• **Work request**
Each line from the opening of the records that follow to the line with "Russia UFO sighting|" needs to be written out exactly. Add nothing.

[Collection entries]
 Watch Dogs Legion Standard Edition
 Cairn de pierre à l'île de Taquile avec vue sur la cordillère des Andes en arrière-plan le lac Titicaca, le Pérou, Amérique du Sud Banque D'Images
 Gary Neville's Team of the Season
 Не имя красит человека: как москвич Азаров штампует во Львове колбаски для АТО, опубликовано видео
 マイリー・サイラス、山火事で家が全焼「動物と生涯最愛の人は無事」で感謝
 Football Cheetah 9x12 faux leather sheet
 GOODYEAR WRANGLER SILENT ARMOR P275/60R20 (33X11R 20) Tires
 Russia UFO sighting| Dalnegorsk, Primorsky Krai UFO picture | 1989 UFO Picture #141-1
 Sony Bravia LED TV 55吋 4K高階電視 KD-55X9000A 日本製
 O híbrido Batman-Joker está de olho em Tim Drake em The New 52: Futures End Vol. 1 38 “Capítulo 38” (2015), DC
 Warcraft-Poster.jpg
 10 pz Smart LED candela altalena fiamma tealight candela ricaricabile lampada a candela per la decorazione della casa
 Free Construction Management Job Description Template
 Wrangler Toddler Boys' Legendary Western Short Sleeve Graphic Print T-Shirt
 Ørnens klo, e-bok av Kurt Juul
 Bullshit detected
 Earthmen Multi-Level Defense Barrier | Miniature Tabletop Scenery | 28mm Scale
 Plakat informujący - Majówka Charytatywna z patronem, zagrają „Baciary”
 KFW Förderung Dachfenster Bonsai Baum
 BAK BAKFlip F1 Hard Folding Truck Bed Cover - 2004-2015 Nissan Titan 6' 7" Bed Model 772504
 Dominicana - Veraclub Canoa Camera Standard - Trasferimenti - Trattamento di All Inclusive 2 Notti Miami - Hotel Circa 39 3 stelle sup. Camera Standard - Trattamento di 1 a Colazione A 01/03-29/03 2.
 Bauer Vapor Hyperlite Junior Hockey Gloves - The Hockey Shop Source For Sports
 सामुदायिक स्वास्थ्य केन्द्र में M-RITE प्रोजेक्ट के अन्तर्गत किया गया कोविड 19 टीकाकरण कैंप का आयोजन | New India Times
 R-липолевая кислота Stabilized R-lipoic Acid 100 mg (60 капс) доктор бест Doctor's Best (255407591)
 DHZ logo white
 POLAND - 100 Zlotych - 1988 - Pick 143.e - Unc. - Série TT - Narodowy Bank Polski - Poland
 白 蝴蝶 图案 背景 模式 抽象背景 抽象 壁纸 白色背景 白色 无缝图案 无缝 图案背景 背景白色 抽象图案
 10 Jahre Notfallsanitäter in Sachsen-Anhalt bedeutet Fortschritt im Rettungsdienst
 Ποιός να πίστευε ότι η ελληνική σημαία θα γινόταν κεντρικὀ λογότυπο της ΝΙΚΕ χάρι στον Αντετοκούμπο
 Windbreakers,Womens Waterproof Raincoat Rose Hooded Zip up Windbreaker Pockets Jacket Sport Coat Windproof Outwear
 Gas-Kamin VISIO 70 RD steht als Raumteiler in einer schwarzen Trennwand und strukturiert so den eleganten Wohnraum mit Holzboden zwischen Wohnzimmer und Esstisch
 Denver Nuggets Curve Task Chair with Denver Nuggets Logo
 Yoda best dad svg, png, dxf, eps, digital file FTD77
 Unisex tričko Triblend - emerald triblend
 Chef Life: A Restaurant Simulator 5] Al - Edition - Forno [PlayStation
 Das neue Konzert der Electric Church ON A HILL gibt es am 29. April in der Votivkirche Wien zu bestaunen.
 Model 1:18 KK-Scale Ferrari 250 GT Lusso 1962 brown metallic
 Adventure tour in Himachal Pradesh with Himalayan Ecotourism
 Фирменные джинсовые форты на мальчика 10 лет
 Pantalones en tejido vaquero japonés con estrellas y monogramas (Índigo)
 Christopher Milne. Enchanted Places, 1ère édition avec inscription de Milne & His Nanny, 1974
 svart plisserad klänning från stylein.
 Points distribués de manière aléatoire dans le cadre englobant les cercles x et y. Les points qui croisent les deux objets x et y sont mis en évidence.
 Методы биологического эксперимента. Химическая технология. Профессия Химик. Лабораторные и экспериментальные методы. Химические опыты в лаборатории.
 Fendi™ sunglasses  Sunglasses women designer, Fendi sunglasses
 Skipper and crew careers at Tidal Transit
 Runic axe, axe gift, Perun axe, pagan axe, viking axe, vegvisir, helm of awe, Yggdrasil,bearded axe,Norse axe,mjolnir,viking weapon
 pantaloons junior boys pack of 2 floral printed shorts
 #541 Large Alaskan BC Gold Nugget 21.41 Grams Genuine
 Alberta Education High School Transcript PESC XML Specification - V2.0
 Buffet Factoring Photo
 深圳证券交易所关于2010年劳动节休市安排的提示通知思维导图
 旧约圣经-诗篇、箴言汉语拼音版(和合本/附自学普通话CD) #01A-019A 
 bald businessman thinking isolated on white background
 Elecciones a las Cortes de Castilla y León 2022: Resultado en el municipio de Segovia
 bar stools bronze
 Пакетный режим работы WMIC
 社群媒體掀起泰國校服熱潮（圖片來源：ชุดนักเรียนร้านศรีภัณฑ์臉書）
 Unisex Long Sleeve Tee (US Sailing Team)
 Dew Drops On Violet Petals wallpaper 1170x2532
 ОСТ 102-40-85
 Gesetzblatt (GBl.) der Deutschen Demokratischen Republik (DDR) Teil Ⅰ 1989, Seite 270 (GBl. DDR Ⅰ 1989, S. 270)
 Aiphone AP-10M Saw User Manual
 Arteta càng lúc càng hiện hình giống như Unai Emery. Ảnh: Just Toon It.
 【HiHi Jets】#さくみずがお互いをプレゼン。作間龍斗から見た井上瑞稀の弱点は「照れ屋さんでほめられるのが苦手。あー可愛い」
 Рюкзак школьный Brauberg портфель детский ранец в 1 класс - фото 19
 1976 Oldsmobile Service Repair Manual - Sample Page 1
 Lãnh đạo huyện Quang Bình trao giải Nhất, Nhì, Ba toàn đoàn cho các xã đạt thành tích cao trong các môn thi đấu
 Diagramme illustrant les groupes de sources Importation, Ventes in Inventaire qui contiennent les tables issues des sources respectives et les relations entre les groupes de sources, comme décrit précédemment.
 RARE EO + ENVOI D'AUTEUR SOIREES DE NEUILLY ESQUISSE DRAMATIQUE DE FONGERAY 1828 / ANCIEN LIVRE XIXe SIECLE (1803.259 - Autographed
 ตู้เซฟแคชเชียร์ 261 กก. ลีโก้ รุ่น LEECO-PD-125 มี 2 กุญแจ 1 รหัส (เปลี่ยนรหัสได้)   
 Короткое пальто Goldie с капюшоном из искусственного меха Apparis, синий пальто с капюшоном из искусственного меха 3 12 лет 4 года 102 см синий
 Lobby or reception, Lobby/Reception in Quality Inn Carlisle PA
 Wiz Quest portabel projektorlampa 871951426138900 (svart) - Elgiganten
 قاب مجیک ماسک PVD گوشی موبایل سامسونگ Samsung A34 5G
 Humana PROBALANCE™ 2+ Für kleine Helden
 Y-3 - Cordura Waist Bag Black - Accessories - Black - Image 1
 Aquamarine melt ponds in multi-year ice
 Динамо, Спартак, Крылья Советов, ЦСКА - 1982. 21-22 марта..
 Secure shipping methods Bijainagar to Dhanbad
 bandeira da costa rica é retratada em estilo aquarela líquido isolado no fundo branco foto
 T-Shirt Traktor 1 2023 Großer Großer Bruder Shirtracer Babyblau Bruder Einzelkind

• **Solution**
 Watch Dogs Legion Standard Edition
 Cairn de pierre à l'île de Taquile avec vue sur la cordillère des Andes en arrière-plan le lac Titicaca, le Pérou, Amérique du Sud Banque D'Images
 Gary Neville's Team of the Season
 Не имя красит человека: как москвич Азаров штампует во Львове колбаски для АТО, опубликовано видео
 マイリー・サイラス、山火事で家が全焼「動物と生涯最愛の人は無事」で感謝
 Football Cheetah 9x12 faux leather sheet
 GOODYEAR WRANGLER SILENT ARMOR P275/60R20 (33X11R 20) Tires
 Russia UFO sighting| Dalnegorsk, Primorsky Krai UFO picture | 1989 UFO Picture #141-1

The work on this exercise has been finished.